## EXERCISE PROMPT
Within the data that follows, set down exactly the lines from the one containing "MC3000 User Guide1-6Figure" through the one containing "Sunset from Taft", both ends included.

## RECORDS SHOWN
━━━━━━━━━━

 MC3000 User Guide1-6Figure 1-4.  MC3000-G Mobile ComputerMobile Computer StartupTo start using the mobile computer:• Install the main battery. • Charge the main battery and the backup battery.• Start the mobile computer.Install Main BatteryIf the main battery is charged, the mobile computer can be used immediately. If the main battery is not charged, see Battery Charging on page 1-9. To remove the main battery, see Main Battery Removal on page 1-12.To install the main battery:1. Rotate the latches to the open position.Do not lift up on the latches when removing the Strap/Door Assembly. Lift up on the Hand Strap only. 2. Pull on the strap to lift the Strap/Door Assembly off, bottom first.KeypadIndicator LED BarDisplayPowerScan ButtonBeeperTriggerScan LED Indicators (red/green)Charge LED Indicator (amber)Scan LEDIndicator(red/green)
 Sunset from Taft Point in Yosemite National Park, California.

━━━━━━━━━━

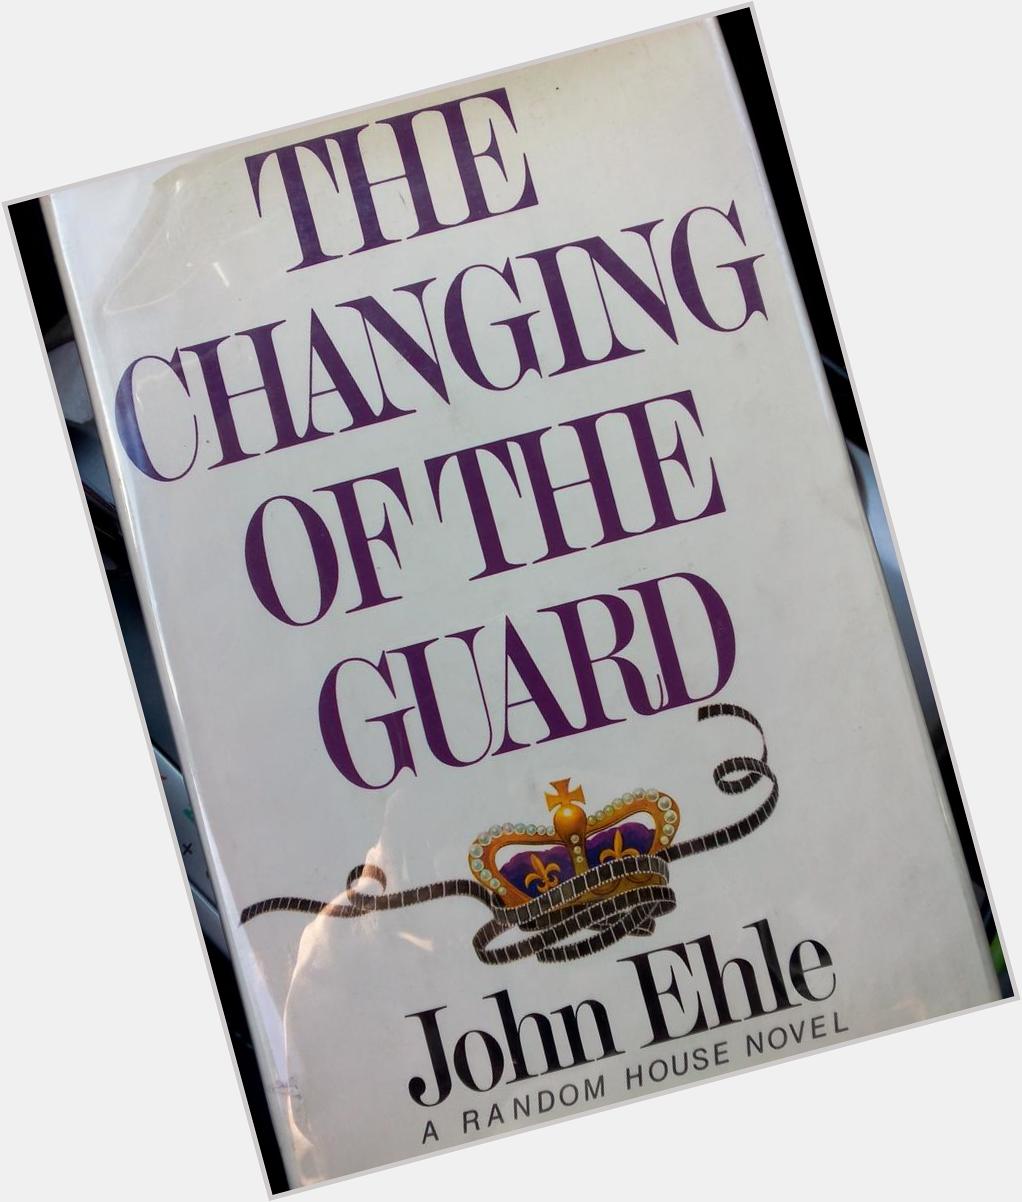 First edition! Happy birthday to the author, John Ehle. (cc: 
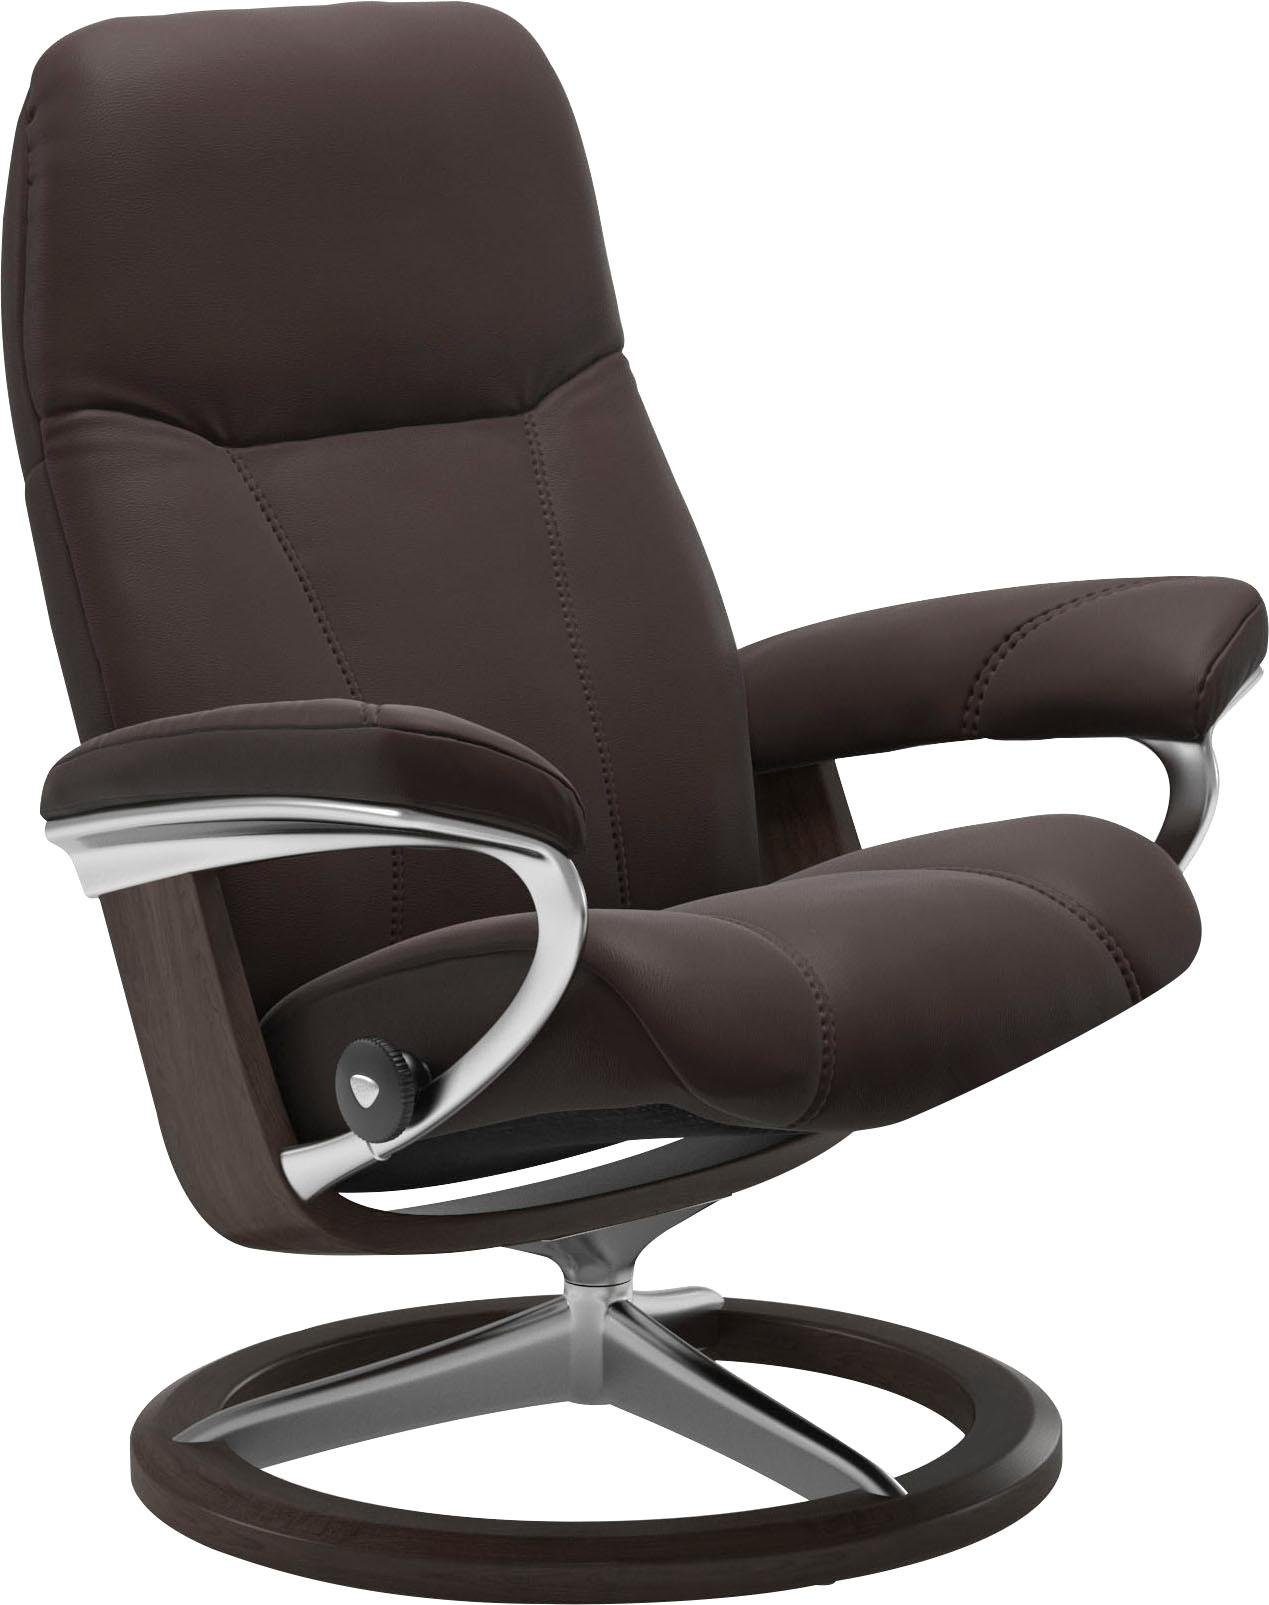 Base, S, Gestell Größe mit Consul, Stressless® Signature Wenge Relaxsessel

━━━━━━━━━━

## OUTPUT OF THE EXERCISE
 MC3000 User Guide1-6Figure 1-4.  MC3000-G Mobile ComputerMobile Computer StartupTo start using the mobile computer:• Install the main battery. • Charge the main battery and the backup battery.• Start the mobile computer.Install Main BatteryIf the main battery is charged, the mobile computer can be used immediately. If the main battery is not charged, see Battery Charging on page 1-9. To remove the main battery, see Main Battery Removal on page 1-12.To install the main battery:1. Rotate the latches to the open position.Do not lift up on the latches when removing the Strap/Door Assembly. Lift up on the Hand Strap only. 2. Pull on the strap to lift the Strap/Door Assembly off, bottom first.KeypadIndicator LED BarDisplayPowerScan ButtonBeeperTriggerScan LED Indicators (red/green)Charge LED Indicator (amber)Scan LEDIndicator(red/green)
 Sunset from Taft Point in Yosemite National Park, California.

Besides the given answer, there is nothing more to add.